*** DATASET ENTRIES

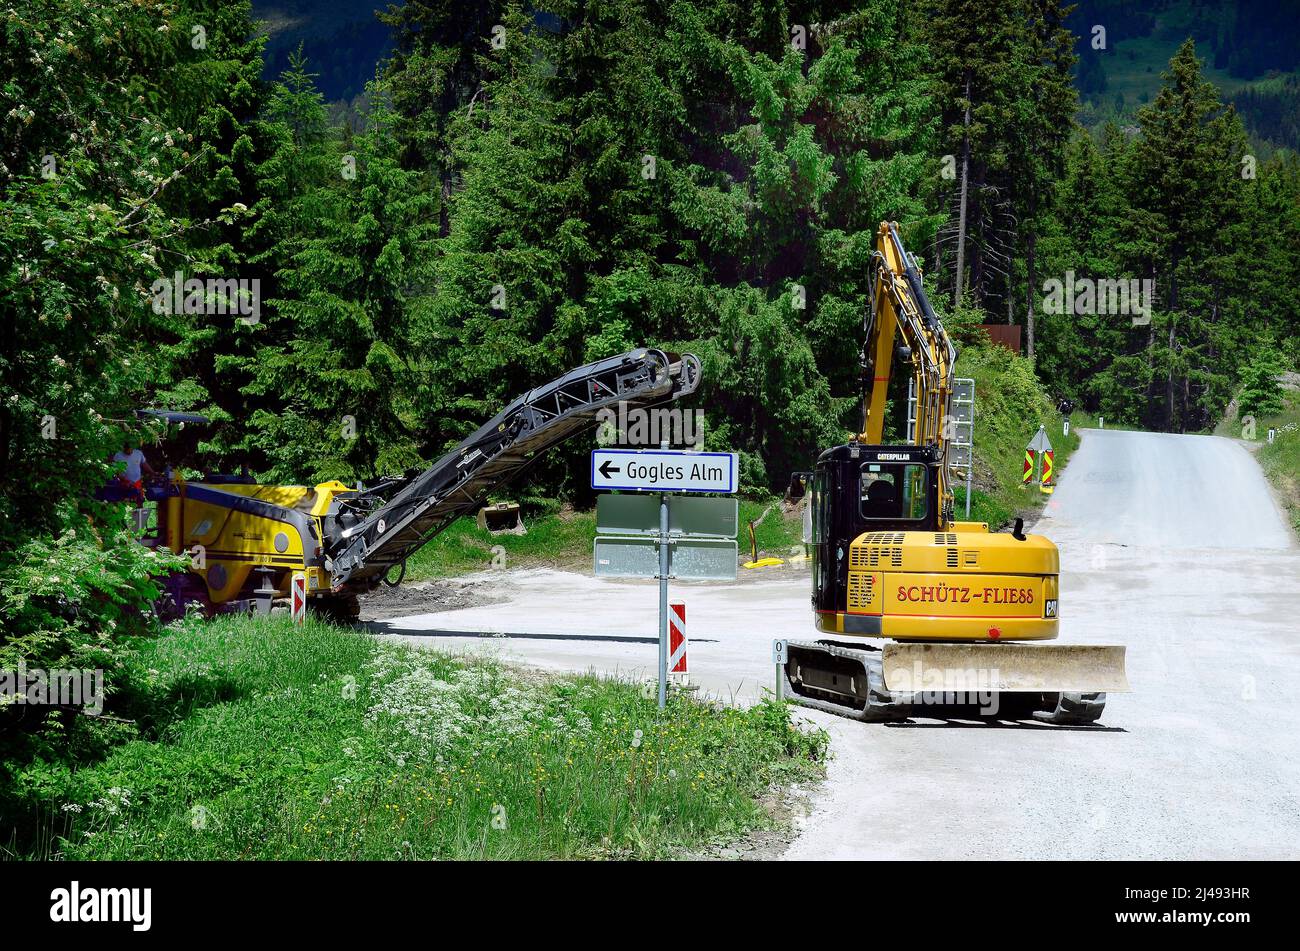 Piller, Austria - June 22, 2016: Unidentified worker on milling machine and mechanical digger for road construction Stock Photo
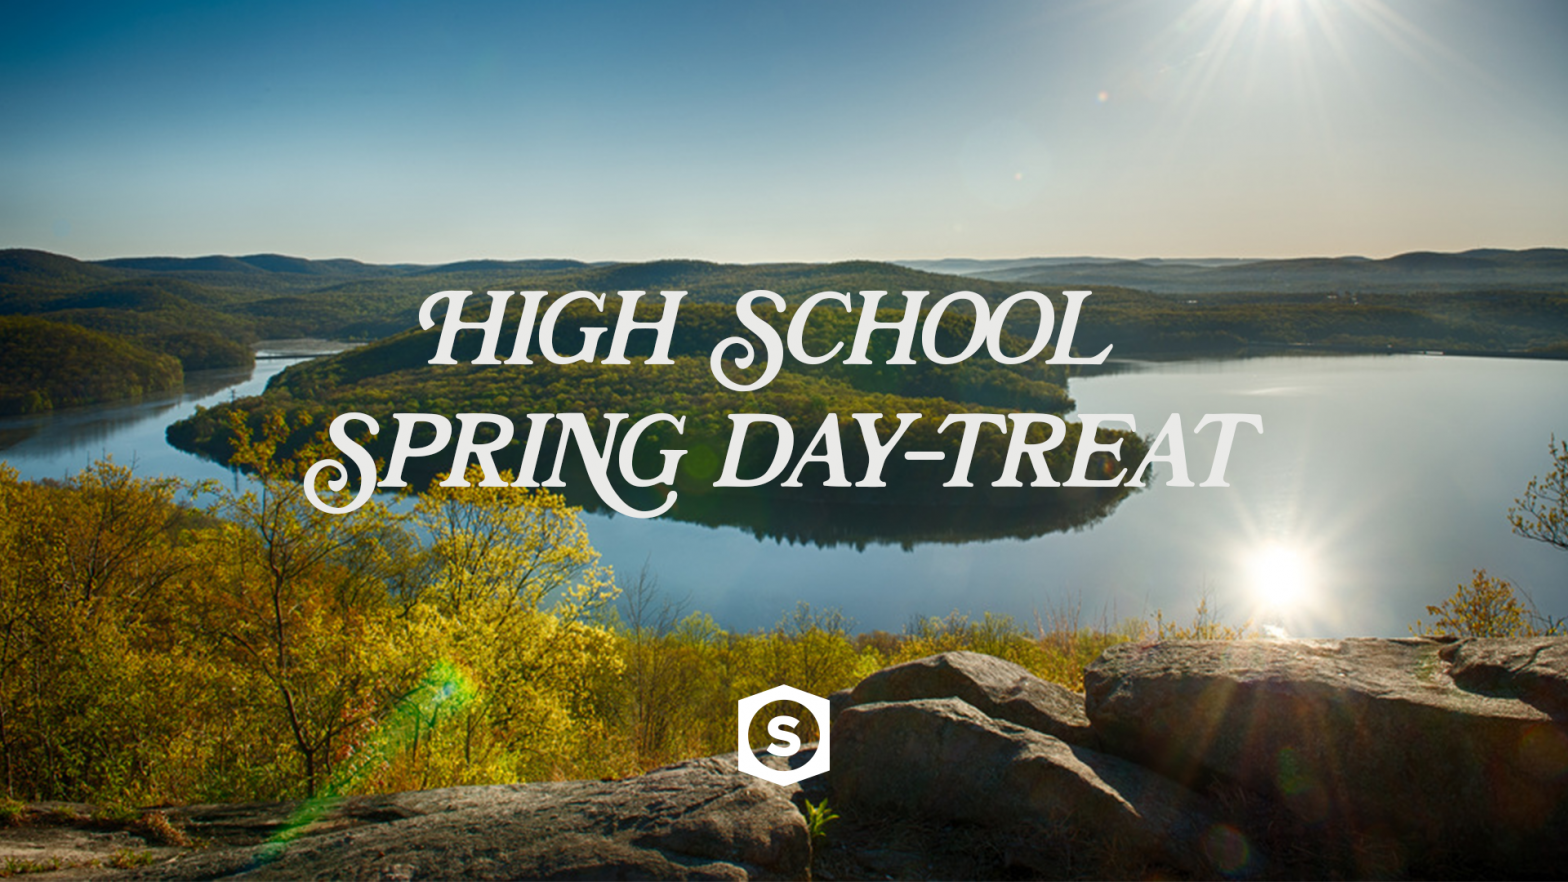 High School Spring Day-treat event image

******
*** DATASET ENTRIES

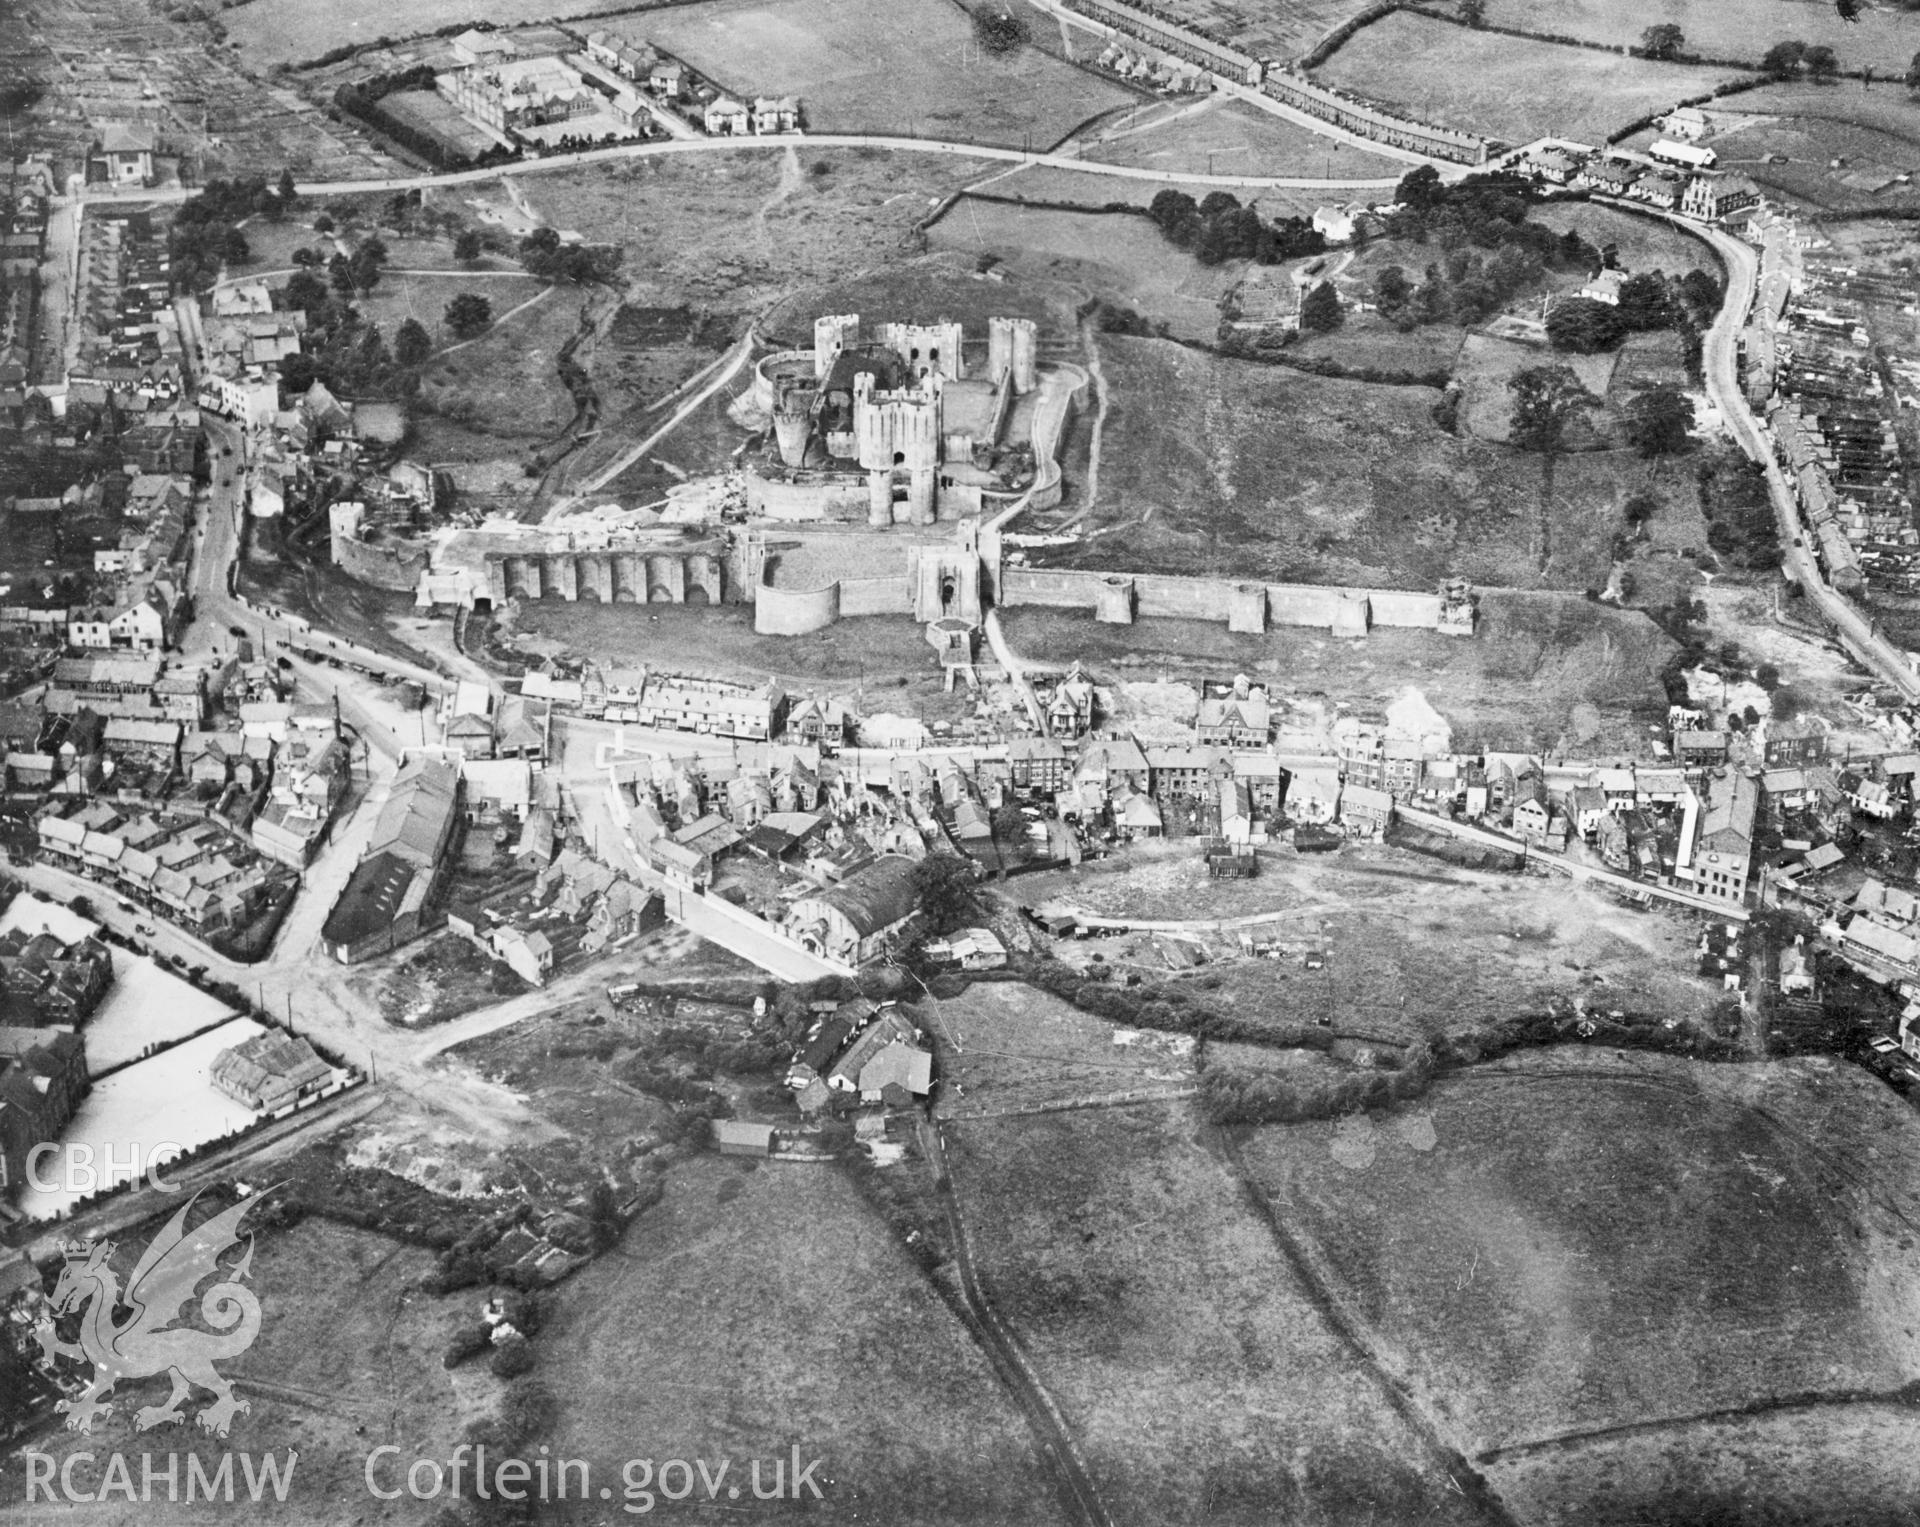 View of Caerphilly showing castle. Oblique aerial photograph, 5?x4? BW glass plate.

******
*** DATASET ENTRIES

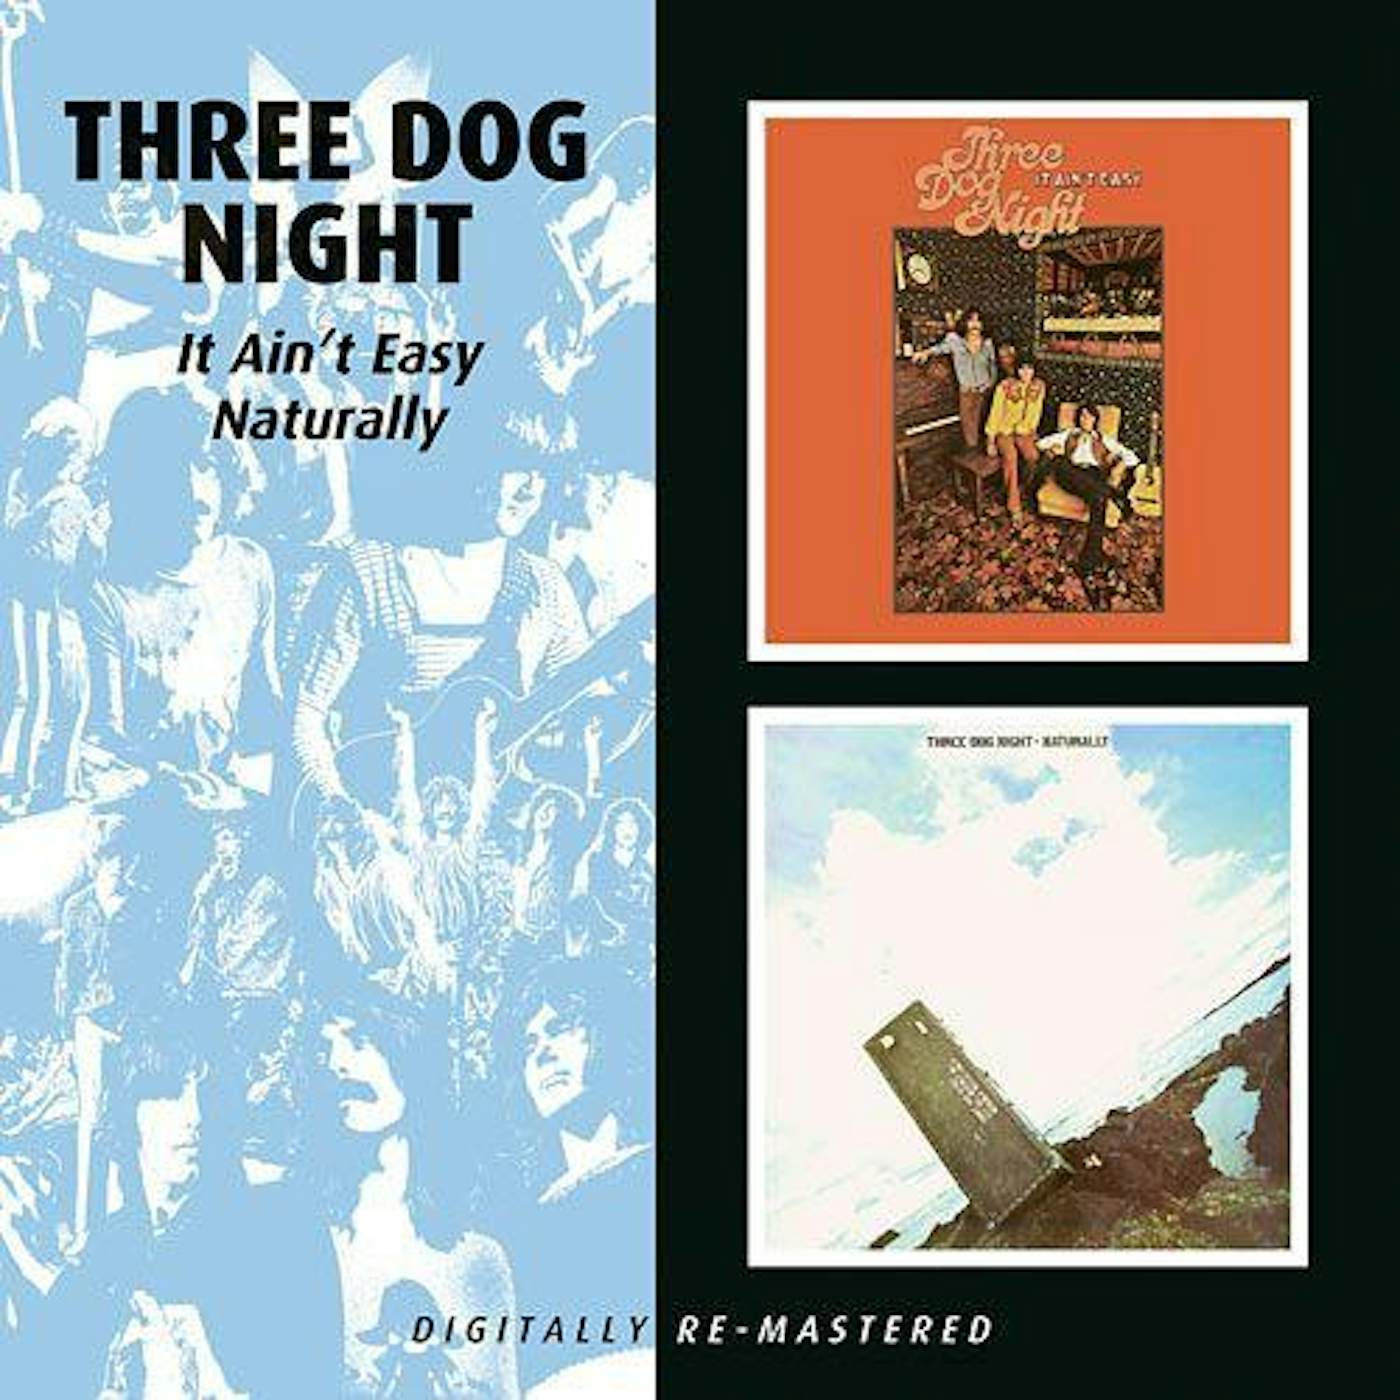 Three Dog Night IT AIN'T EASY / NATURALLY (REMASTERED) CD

******

:: WHAT TO DO ::
Using the material above, reproduce only the lines that run from the line with "Piller, Austria - June" up to and including the line with "High School Spring Day-treat event image", exactly, with the pictures dropped.

:: RESULT BELOW ::
 Piller, Austria - June 22, 2016: Unidentified worker on milling machine and mechanical digger for road construction Stock Photo
 High School Spring Day-treat event image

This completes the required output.